23. Mr. Sakha Ram Singh then contended that in view of the findings recorded by the Additional Commissioner in the appeal directed against the decree passed by the Assistant Collector in the first suit on 23-4-1953 that the revenue Court had no jurisdiction to entertain the suit, the suit giving rise to this appeal was barred bv res judicata. He has placed reliance upon Mohan Lal v.

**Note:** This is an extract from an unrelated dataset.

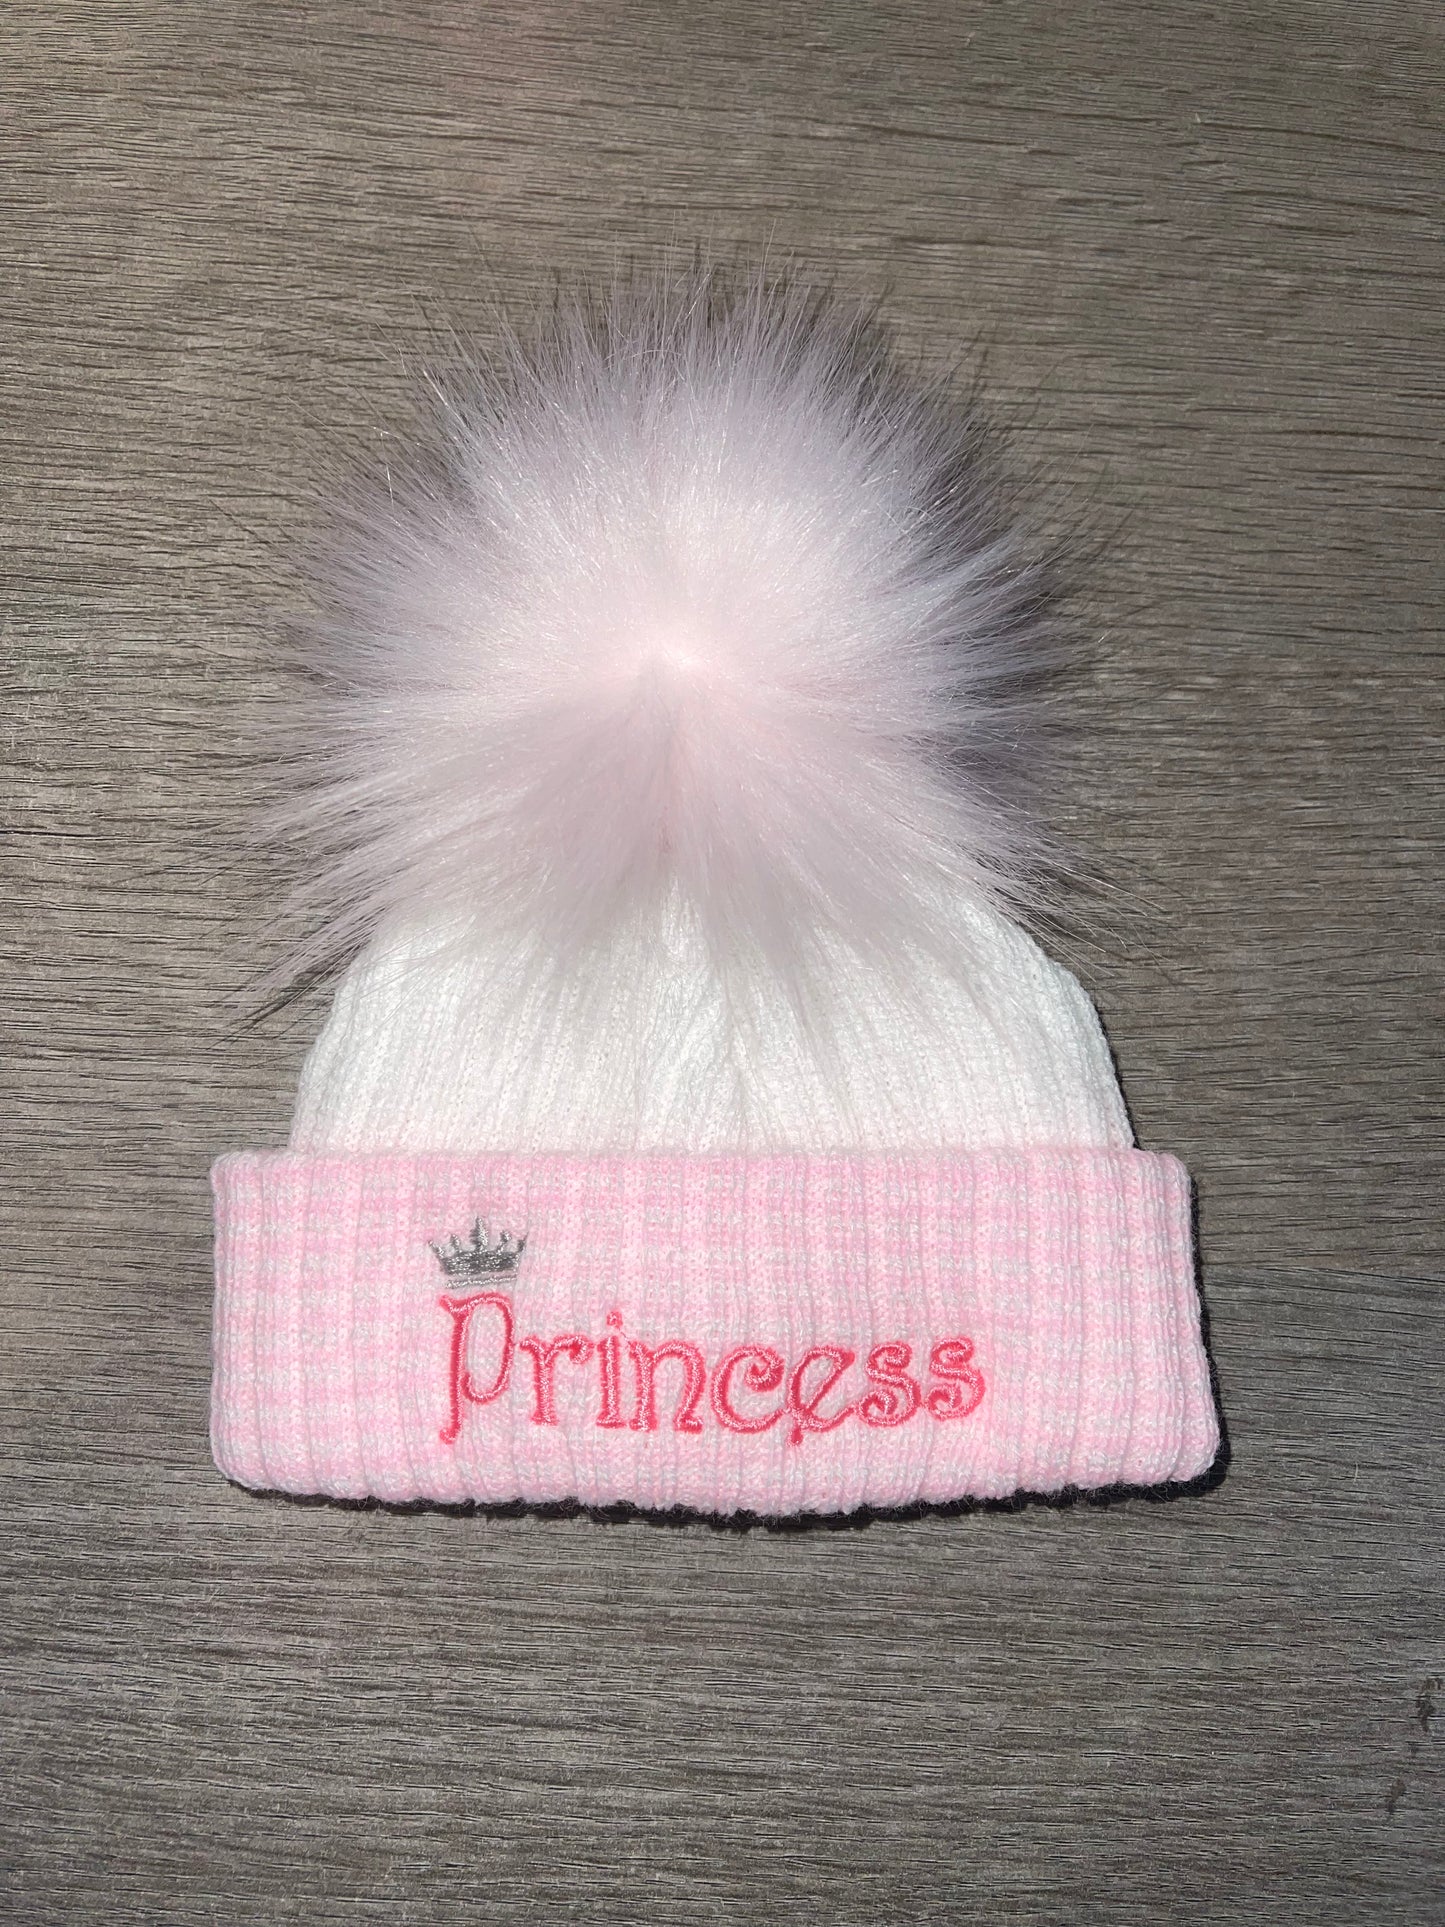 Princess pom pom hat - newborn

Benoy Krishna, AIR 1953 SC 65. In that case, Ghulam Hasan, J. had observed that even an erroneous decision on a question of law operates as res judicata between the parties to it.An erroneous decision on a question of law by a Court competent to decide the matter is not the same thins as an order by a Court to the effect that it had no iurisdiction to entertain the matter. Besides, the judgment of the Civil Court returning the plaint for being filed in the revenue Court on the ground that it had no jurisdiction to entertain the plaint and the competent Court was the revenue Court is subsequent in time to the judgment of the learned Additional Commissioner. It is trite that in a case of res iudicata it is the latter decision and not the former which creates the bar. I, therefore, find no substance in the plea of Sri Sakha Ram Singh with regard to res judicata.
24. For the reasons mentioned above, I would allow this special appeal, set aside the judgment of Oak, J. (as he then was) dated 6-1-1967 and dismiss. Writ Petition No. 3075 of 1966 with costs.
S.N. Katju, J.
25. I agree.
Gangeshwar Prasad, J.
26. I agree with brother Jagdish Sahai.